EPA and CISA “strongly” encourage Water and Wastewater Systems defenders to harden remote access to HMIs on their networks by implementing the mitigations in today’s advisory.

Attacks that successfully compromise such systems can have a major operational impact and force breached organizations to revert to manual operations. For instance, cyberattacks targeting the systems of Arkansas City’s water treatment facility and American Water, the largest publicly traded U.S. water and wastewater utility company, forced them to switch to manual mode in September and shut down some systems in October, respectively.

Critical water infrastructure under attack

Arkansas City’s water plant was hit only two days after the Water Information Sharing and Analysis Center (WaterISAC), a nonprofit that helps protect water utilities from physical and cyber threats, published a TLP:AMBER advisory warning of Russian-linked threat actors targeting the U.S. water sector.

However, these are just the latest critical infrastructure organizations in the U.S. water sector that were breached in recent years.
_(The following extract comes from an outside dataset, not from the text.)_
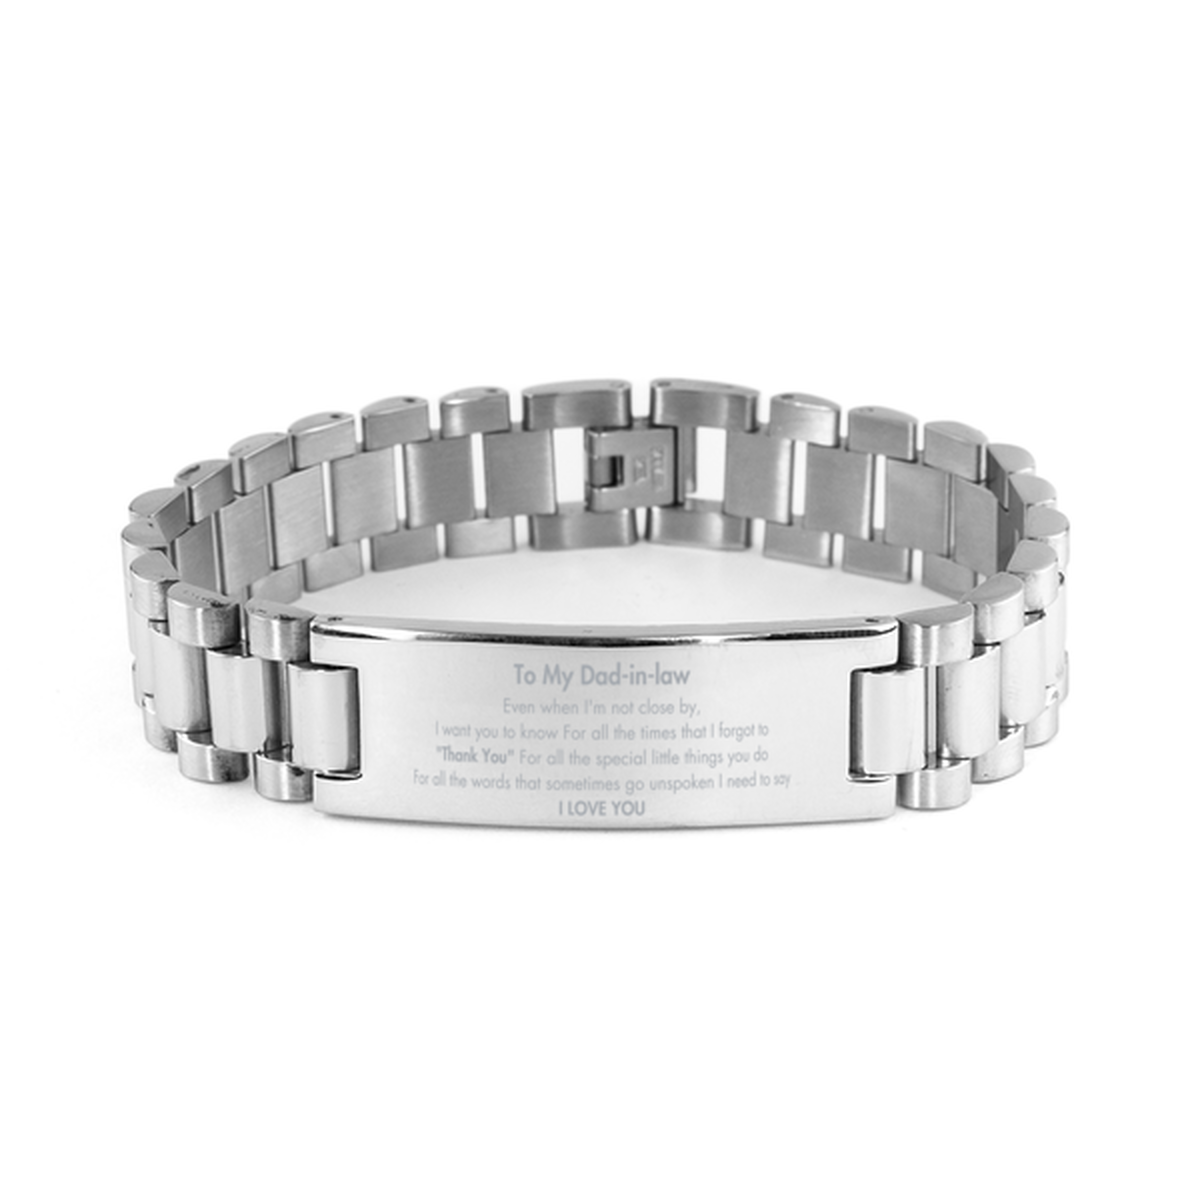 Thank You Gifts for Dad-in-law, Keepsake Ladder Stainless Steel Bracelet Gifts for Dad-in-law Birthday Mother's day Father's Day Dad-in-law For all the words That sometimes go unspoken I need to say I LOVE YOU

Chinese-backed Volt Typhoon hackers hid in the network of a drinking water system for at least five years, while IRGC-affiliated Iranian threat actors breached a Pennsylvania water facility in November 2023 by hacking into Unitronics programmable logic controllers (PLCs) exposed online.

In September, the EPA issued guidance to help water plant owners and operators reduce their vulnerability to cyberattacks, right after the Treasury Department’s Office of Foreign Assets Control (OFAC) sanctioned two Russian cybercriminals in July for breaching U.S. water facilities.

In March, the agency also alerted U.S. governors in collaboration with the White House that hackers target critical infrastructure across the country’s water sector. This warning came one month after the EPA shared tips for defending against cyberattacks on water facilities.